Phase III · Week 5 · Day 29 of 70 · 2.5 hours
"TVM's thesis: the best compiler is one that can learn. By combining classic compiler techniques with machine-learning-driven search, TVM finds optimizations no human would write by hand."
| ← Previous | Next → | 📅 Week | 🔷 Phase | 📚 Curriculum |
|---|---|---|---|---|
| Day 28: Stop & Reflect #2 | Day 30: Relay IR | Week 5: TVM Foundations | Phase III: Apache TVM Deep Dive | ML Compilers |
In Phase II you learned how PyTorch's compiler stack works — TorchDynamo captures graphs, AOTAutograd differentiates them, and Inductor lowers to Triton kernels. That stack is tightly coupled to PyTorch and NVIDIA GPUs. Apache TVM takes a fundamentally different approach: it's a framework-agnostic, hardware-agnostic compiler that can import models from PyTorch, TensorFlow, ONNX, and more, then compile them for CPUs, GPUs, mobile, browsers, and bare-metal MCUs. TVM pioneered the idea of learning-based compiler optimization — using ML to search the space of possible program transformations. Understanding TVM gives you the mental model for every modern ML compiler that followed.

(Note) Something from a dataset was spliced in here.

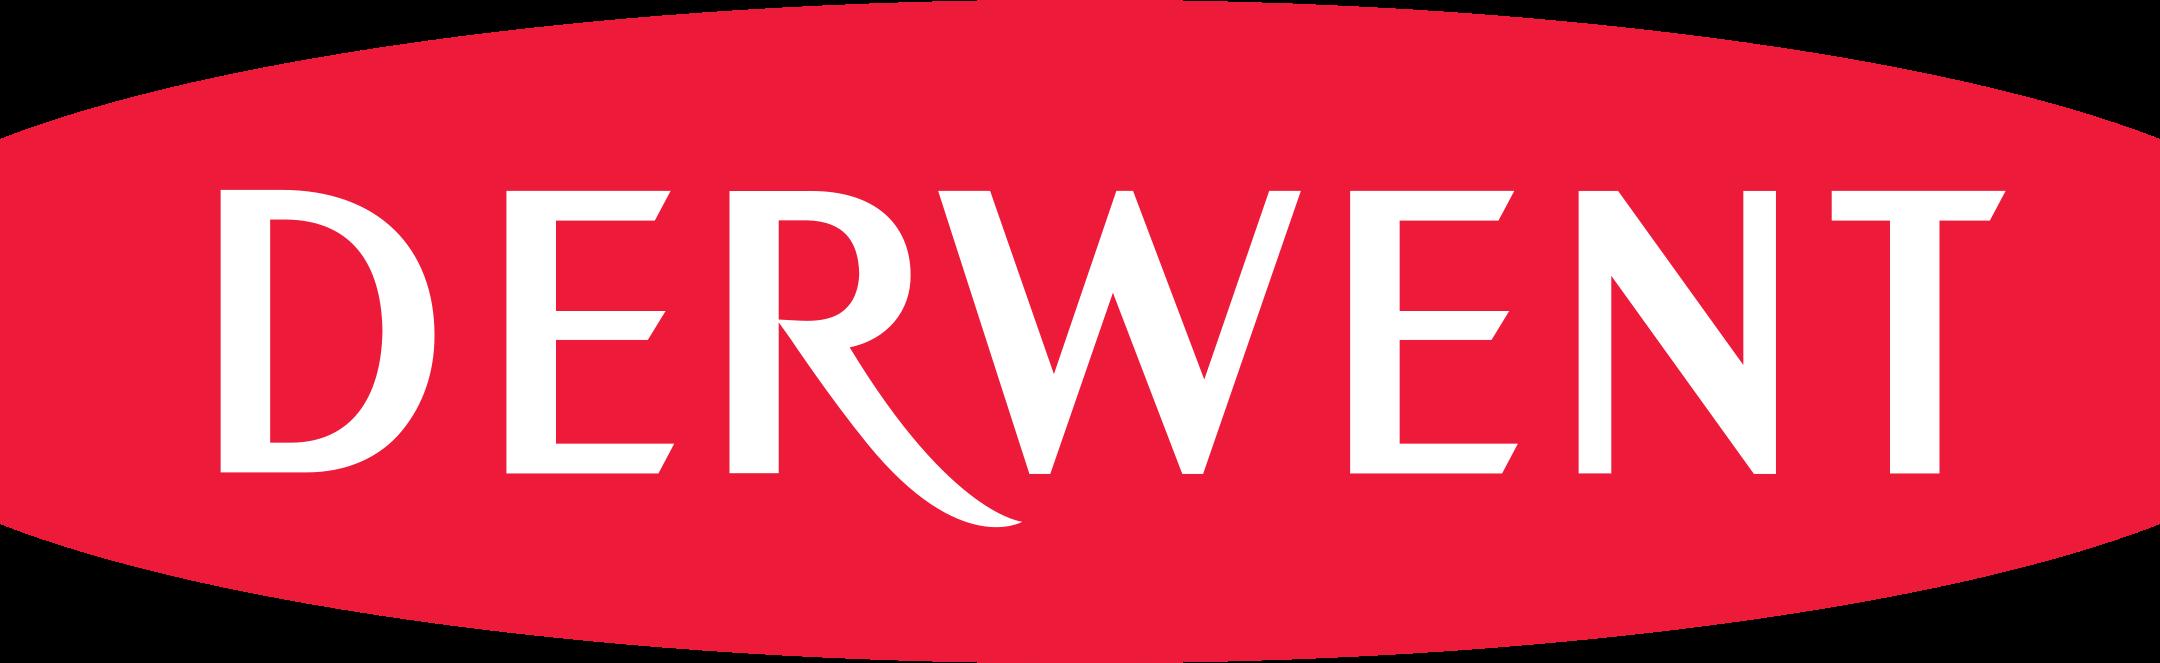 derwent logo 1 - Derwent Logo

Framework-Specific Framework-Agnostic
━━━━━━━━━━━━━━━━━━━━━━━━━━━━━━━━━━━━━━━━━━━━━━━━━━━━━━━━━━━━
torch.compile / Inductor Apache TVM ◄── today
XLA (JAX/TF) ONNX Runtime
TF-Lite TensorRT (NVIDIA only)
Core ML (Apple) MLIR (infrastructure)
━━━━━━━━━━━━━━━━━━━━━━━━━━━━━━━━━━━━━━━━━━━━━━━━━━━━━━━━━━━━
Key difference:
torch.compile: "How do I make THIS PyTorch model fast on THIS GPU?"
TVM: "How do I make ANY model fast on ANY hardware?"

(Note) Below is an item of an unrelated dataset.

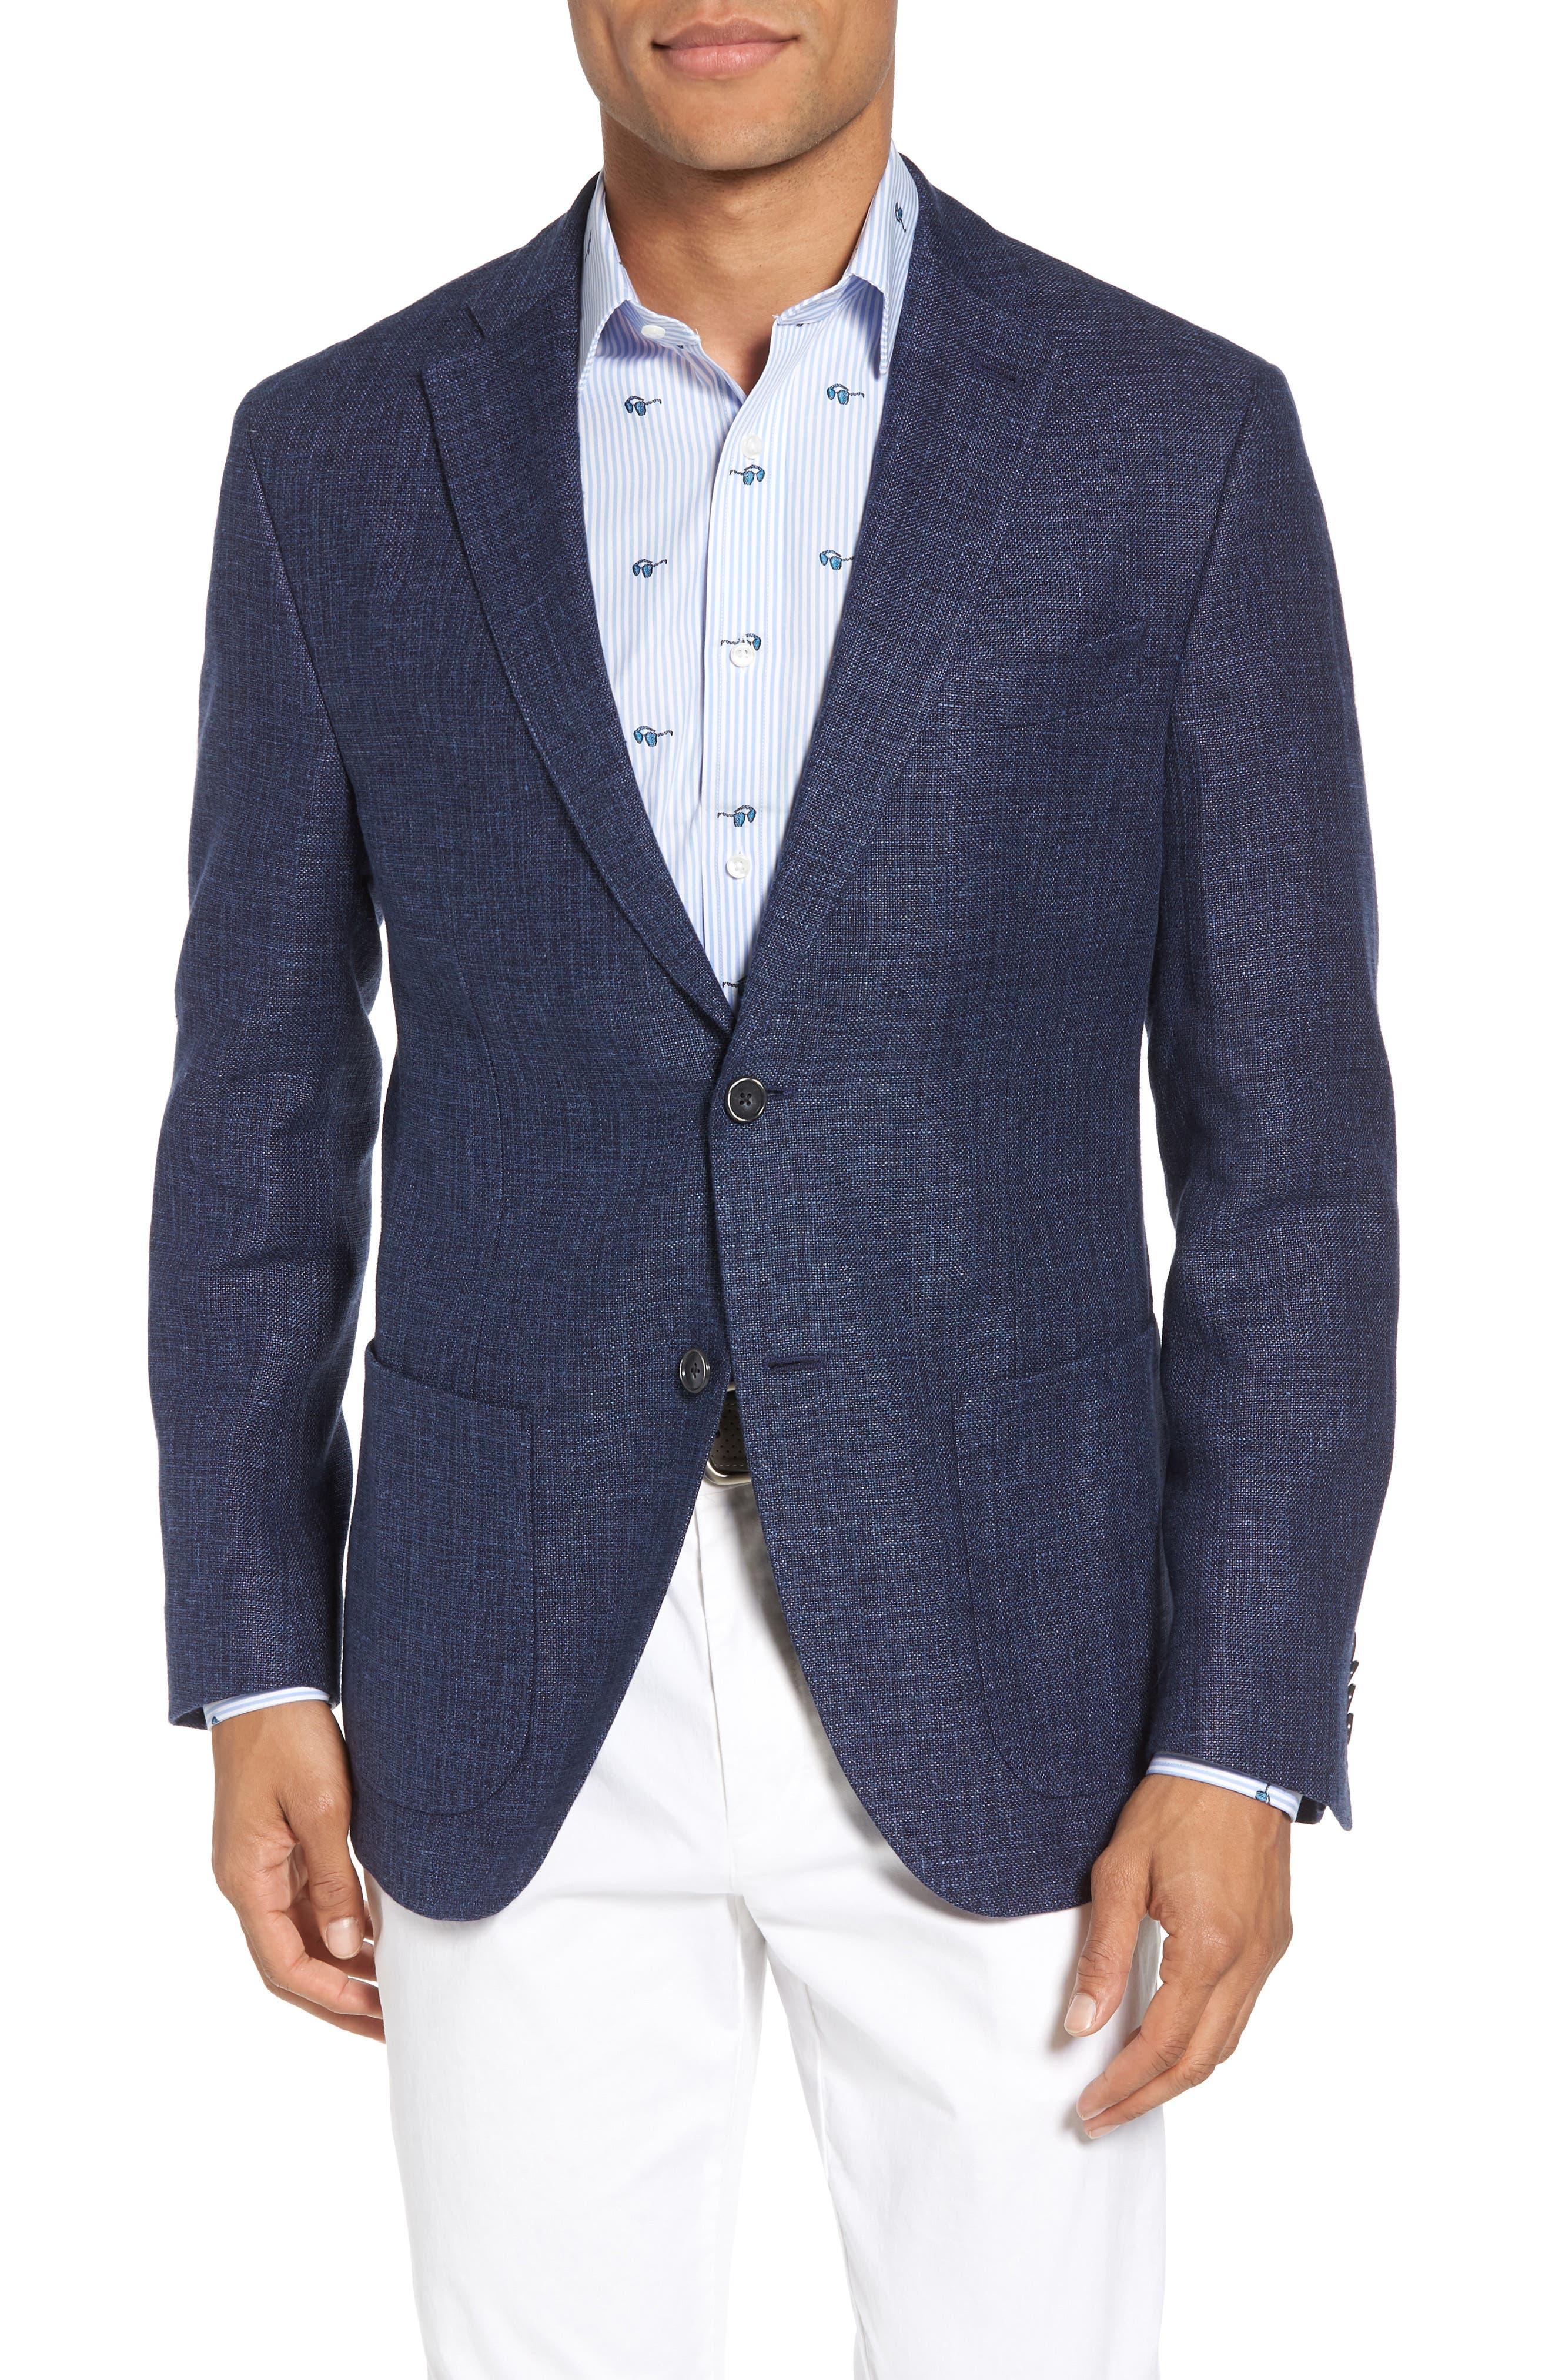 Trent Trim Fit Wool & Linen Blazer,                         Main,                         color, 410

| Feature | torch.compile | XLA | TVM |
|---|---|---|---|
| Input frameworks | PyTorch only | JAX, TF | PyTorch, TF, ONNX, MXNet, … |
| Target hardware | NVIDIA GPU, CPU | TPU, GPU, CPU | CPU, GPU, ARM, RISC-V, FPGA, MCU |
| Optimization | Heuristic + Triton | HLO passes | ML-driven search (AutoTVM, MetaSchedule) |
| Deployment | Python runtime | XLA runtime | Lightweight C runtime (~100 KB) |
| Open-source | Meta | Apache Foundation |
This is the central diagram for all of Phase III. Every lesson in Weeks 5–7 maps to a layer here.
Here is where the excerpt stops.